▶ **WHAT YOU WILL DO**
Check each line of the records below and collect those that include the word "Happy".

☆ ☆ ☆

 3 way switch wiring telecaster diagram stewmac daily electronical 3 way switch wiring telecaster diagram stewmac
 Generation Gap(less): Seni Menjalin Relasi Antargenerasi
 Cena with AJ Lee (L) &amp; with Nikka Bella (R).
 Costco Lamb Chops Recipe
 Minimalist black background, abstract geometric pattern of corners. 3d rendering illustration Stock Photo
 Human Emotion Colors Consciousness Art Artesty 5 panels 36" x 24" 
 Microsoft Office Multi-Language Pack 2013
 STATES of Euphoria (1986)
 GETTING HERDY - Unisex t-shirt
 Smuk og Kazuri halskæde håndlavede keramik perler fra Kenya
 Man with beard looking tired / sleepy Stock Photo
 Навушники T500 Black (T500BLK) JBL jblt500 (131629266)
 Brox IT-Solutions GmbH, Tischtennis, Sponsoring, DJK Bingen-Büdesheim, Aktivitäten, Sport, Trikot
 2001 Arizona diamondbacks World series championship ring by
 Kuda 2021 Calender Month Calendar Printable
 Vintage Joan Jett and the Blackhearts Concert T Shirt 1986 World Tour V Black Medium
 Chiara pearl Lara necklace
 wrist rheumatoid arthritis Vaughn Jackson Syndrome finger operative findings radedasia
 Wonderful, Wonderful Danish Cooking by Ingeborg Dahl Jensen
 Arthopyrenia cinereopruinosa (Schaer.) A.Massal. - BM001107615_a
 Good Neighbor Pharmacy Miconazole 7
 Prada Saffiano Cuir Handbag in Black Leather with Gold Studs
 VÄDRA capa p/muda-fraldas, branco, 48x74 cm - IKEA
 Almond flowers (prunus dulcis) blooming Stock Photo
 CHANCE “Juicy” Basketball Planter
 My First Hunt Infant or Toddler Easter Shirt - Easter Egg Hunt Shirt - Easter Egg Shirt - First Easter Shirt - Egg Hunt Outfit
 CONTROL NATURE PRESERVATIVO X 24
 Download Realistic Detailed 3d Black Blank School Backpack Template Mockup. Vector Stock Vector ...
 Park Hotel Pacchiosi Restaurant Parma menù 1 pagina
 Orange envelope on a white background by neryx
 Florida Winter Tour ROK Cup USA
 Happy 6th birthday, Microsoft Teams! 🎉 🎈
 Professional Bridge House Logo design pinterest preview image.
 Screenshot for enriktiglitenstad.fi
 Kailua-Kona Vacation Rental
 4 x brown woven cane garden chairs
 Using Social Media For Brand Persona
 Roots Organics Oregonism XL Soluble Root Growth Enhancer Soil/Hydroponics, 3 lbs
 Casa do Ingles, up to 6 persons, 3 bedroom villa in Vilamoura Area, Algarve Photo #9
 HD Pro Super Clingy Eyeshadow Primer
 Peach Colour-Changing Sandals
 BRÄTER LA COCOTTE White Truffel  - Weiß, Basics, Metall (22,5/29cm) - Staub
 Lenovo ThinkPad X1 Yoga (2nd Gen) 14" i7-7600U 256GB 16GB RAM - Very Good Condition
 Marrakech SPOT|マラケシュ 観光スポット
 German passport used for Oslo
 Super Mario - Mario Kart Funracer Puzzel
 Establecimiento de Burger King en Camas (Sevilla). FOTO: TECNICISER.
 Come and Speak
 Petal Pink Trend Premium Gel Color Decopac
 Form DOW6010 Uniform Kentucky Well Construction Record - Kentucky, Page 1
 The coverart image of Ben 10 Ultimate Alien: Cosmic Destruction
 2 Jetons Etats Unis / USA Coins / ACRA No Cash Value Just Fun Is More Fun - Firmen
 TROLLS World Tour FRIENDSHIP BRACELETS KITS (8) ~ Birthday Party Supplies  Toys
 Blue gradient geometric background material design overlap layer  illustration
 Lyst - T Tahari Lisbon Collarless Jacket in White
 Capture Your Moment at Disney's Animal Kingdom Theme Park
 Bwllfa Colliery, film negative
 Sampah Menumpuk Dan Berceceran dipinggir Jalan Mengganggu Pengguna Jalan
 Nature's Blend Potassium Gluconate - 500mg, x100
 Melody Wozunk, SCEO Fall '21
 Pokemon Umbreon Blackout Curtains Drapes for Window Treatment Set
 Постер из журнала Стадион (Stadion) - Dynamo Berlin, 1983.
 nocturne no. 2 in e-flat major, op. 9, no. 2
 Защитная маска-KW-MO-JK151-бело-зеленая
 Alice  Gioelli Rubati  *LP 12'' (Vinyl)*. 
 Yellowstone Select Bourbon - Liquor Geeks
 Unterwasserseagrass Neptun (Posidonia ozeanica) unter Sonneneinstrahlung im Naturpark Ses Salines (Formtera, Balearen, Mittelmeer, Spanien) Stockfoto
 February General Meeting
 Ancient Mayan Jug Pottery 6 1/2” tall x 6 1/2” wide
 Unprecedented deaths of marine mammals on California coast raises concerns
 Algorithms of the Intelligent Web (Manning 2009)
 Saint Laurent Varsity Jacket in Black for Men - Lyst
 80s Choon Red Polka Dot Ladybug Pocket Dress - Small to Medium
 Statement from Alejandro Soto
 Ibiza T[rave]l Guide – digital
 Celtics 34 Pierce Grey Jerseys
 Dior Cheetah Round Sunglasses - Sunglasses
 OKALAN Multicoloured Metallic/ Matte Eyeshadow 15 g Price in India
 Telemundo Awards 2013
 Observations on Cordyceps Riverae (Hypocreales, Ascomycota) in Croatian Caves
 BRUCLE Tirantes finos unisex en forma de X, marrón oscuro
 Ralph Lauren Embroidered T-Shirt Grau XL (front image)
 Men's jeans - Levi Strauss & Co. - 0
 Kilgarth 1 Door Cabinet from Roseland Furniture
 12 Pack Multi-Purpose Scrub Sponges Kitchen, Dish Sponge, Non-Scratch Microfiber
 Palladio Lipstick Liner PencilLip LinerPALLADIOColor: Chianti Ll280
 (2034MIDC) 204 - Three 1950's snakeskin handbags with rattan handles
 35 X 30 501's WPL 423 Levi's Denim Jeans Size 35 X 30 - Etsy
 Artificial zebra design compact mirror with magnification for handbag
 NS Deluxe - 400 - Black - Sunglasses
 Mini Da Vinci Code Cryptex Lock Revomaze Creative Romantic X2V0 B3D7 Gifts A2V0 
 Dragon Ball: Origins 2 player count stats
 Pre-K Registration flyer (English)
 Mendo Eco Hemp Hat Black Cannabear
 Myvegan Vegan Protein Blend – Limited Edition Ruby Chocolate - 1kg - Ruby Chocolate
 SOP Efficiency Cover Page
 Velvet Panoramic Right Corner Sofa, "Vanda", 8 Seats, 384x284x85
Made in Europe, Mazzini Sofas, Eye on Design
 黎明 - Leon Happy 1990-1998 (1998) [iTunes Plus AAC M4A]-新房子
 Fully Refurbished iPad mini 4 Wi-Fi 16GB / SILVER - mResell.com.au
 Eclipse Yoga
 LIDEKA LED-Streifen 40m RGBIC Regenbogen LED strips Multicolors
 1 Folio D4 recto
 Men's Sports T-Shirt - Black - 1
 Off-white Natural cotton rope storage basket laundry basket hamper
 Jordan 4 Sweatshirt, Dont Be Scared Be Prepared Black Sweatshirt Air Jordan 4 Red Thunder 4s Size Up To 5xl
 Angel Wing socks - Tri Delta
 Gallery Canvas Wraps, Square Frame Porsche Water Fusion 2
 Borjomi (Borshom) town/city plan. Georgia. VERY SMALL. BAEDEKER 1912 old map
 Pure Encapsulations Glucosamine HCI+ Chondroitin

☆ ☆ ☆

▶ **ANSWER SECTION**
 Happy 6th birthday, Microsoft Teams! 🎉 🎈
 黎明 - Leon Happy 1990-1998 (1998) [iTunes Plus AAC M4A]-新房子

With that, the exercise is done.